Copy exactly, beginning with the line holding "Poster for 2. Trierer KIDZ-Cup Bouldern" and ending with the final line of the data beneath this task; copy nothing else, and leave out every picture.
Information provided START
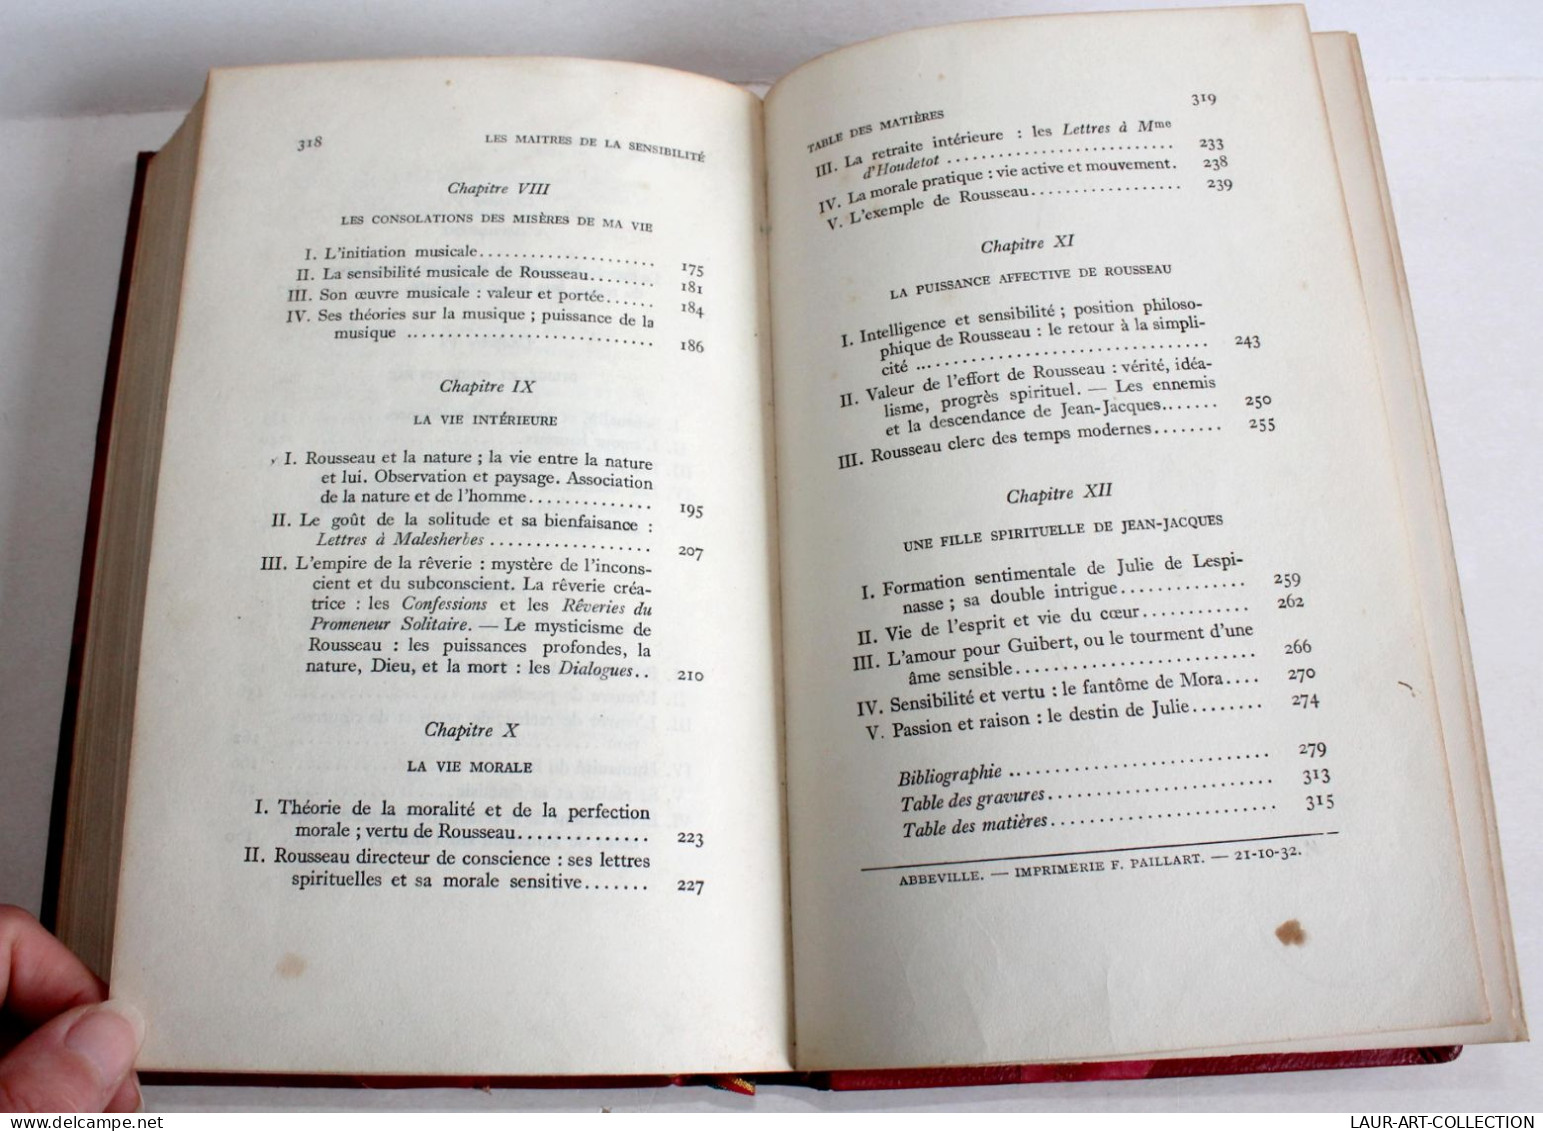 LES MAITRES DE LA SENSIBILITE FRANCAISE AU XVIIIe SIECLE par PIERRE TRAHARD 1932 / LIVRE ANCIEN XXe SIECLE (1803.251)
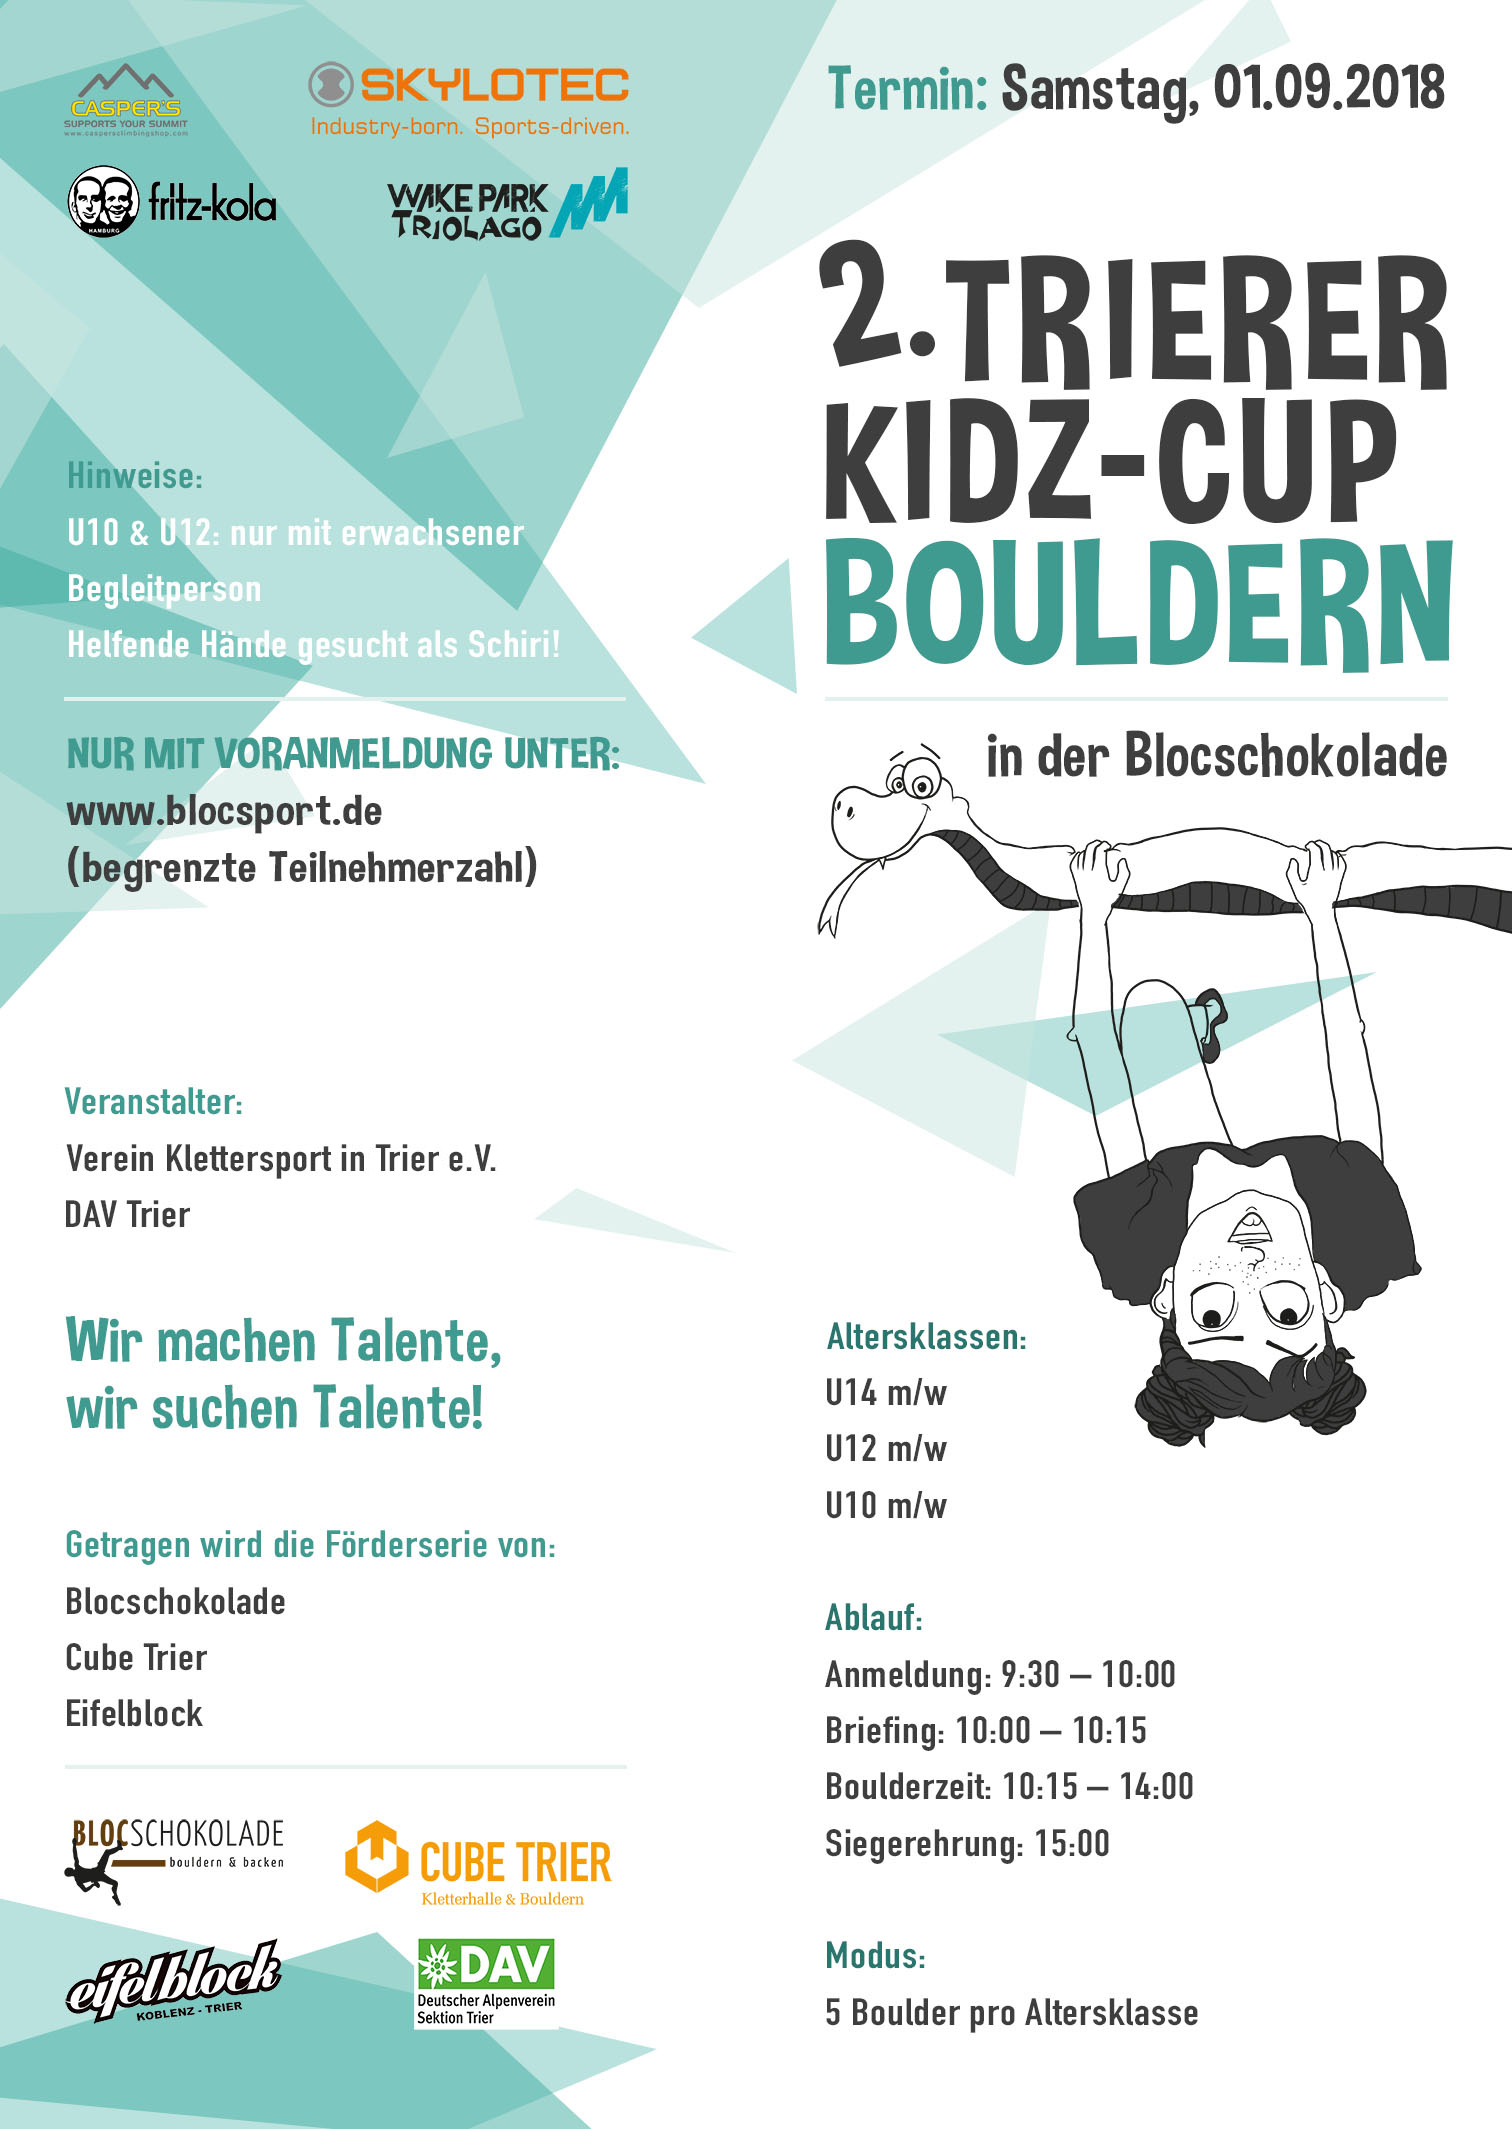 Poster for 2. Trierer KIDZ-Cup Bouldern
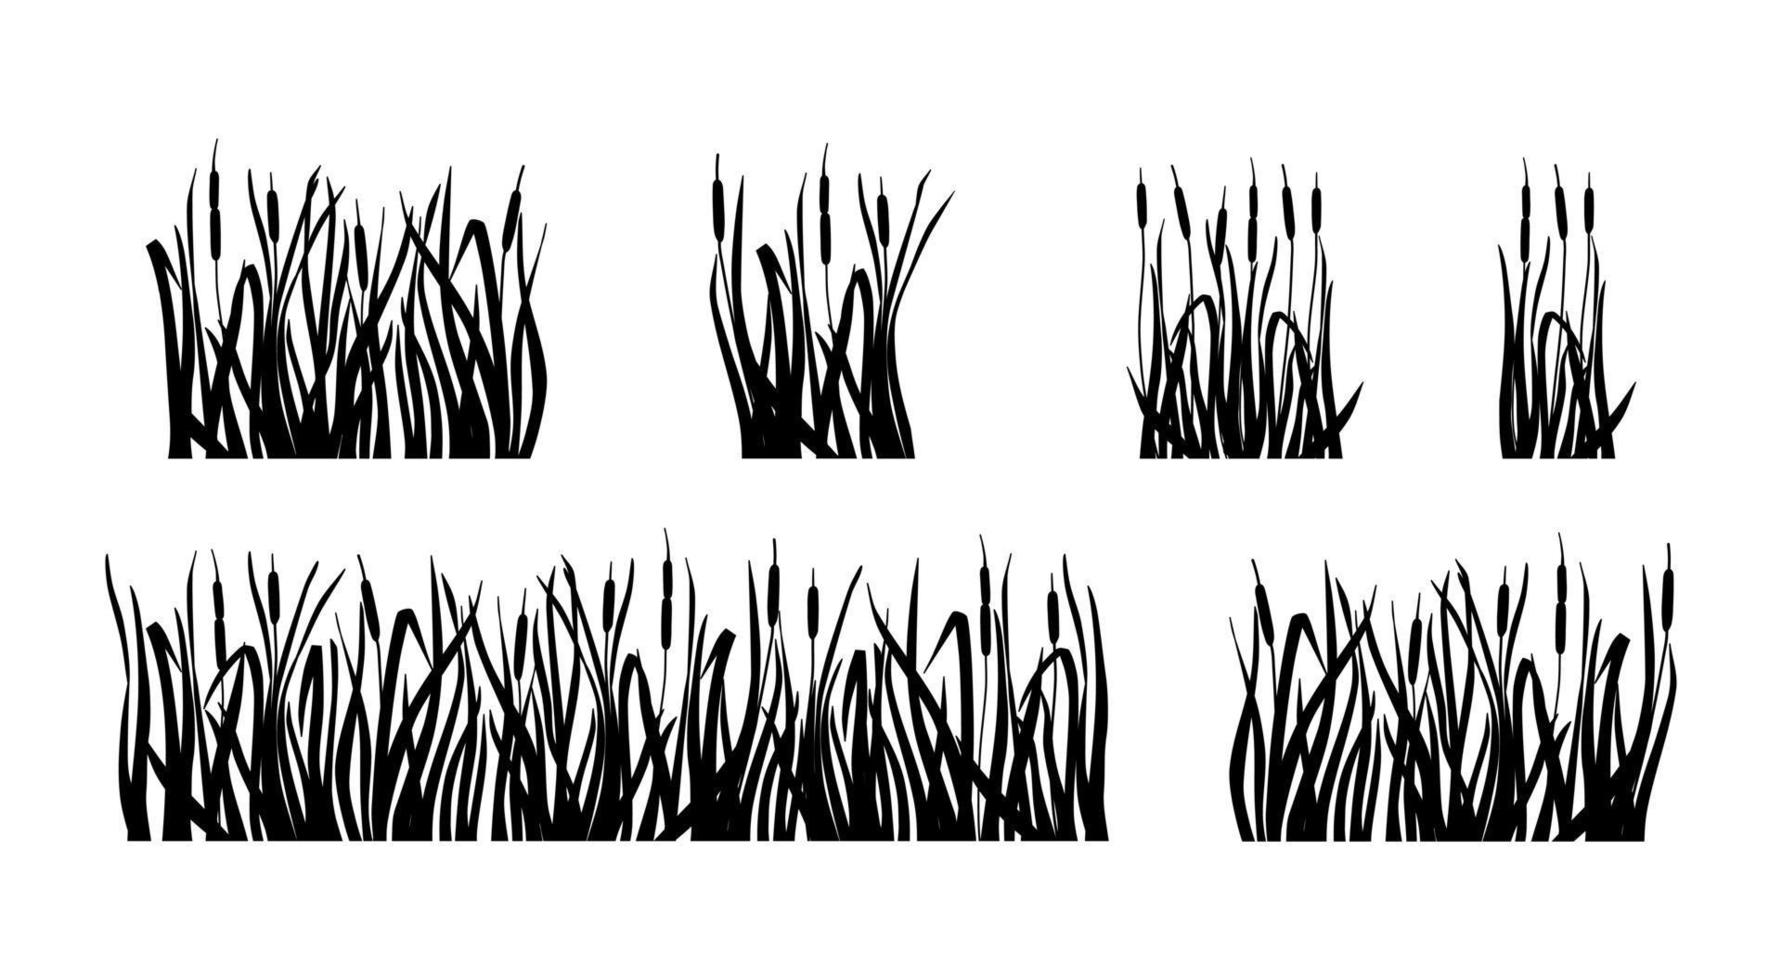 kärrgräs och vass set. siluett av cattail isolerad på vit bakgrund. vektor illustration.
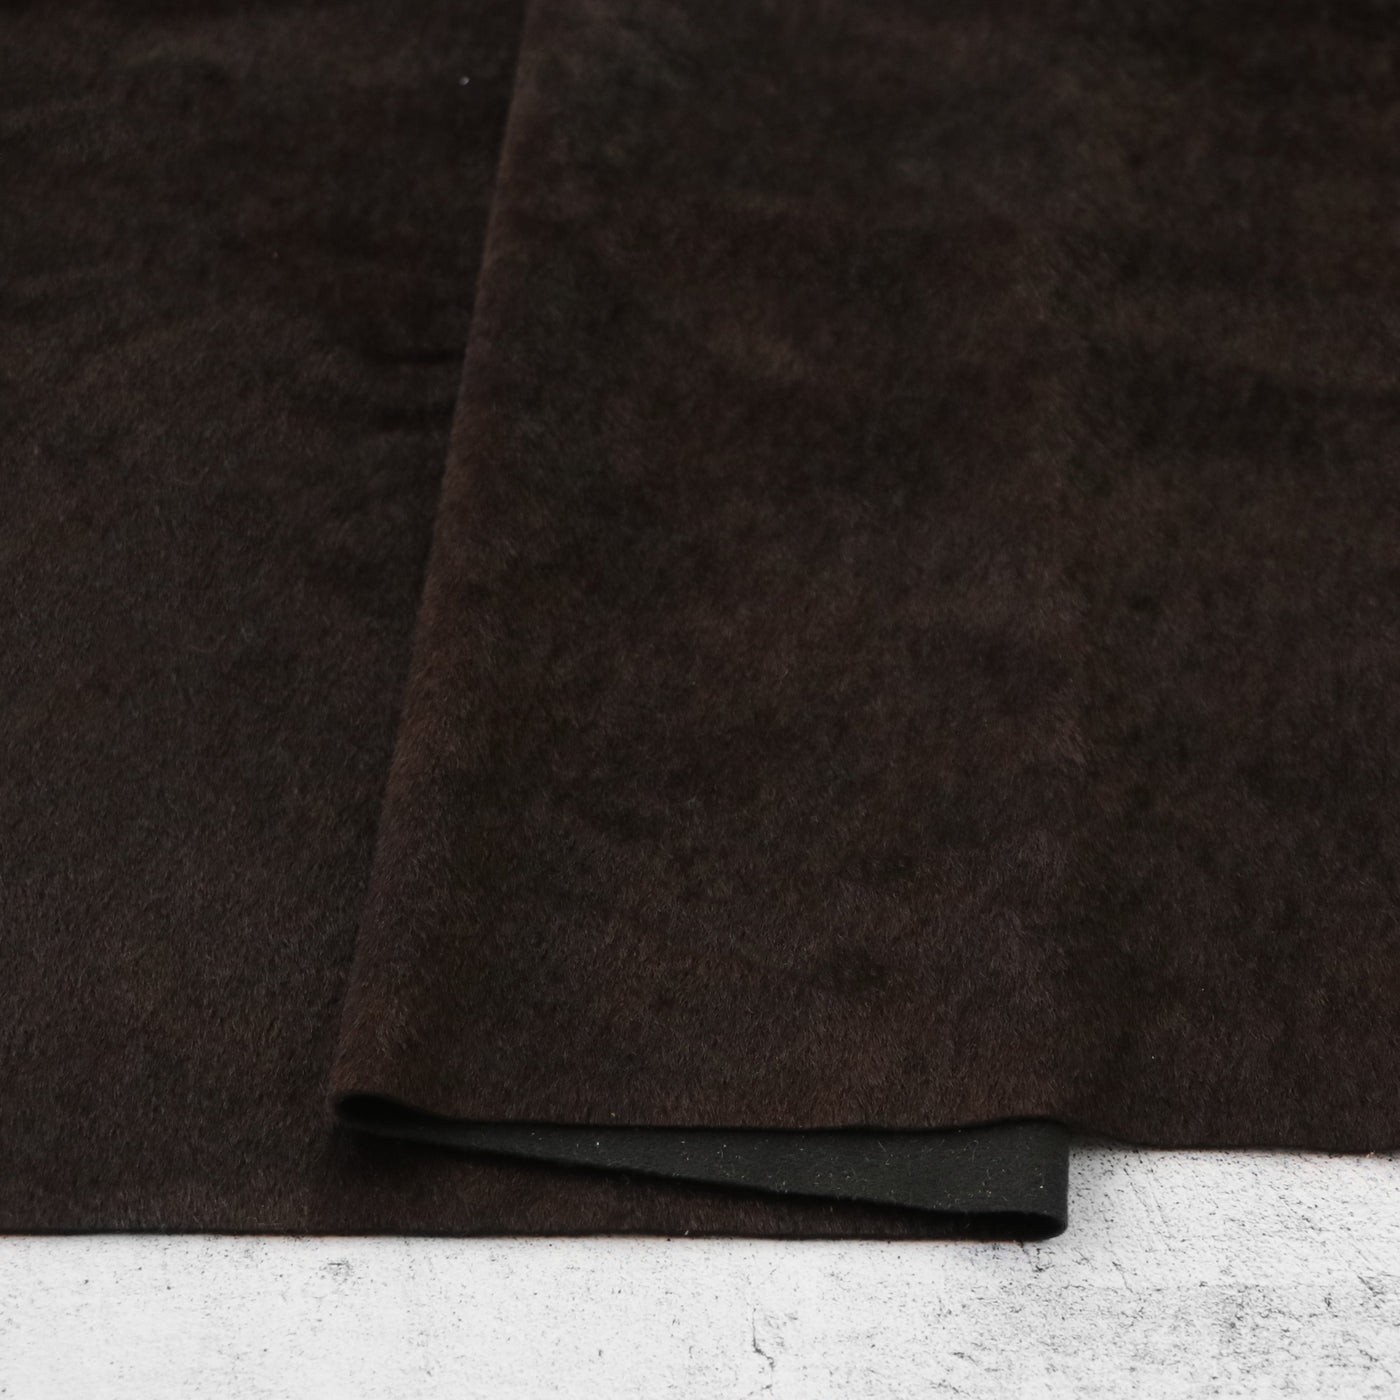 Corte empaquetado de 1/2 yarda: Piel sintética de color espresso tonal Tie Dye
Information provided END
## Your response
 Poster for 2. Trierer KIDZ-Cup Bouldern
 kärrgräs och vass set. siluett av cattail isolerad på vit bakgrund. vektor illustration.
 Corte empaquetado de 1/2 yarda: Piel sintética de color espresso tonal Tie Dye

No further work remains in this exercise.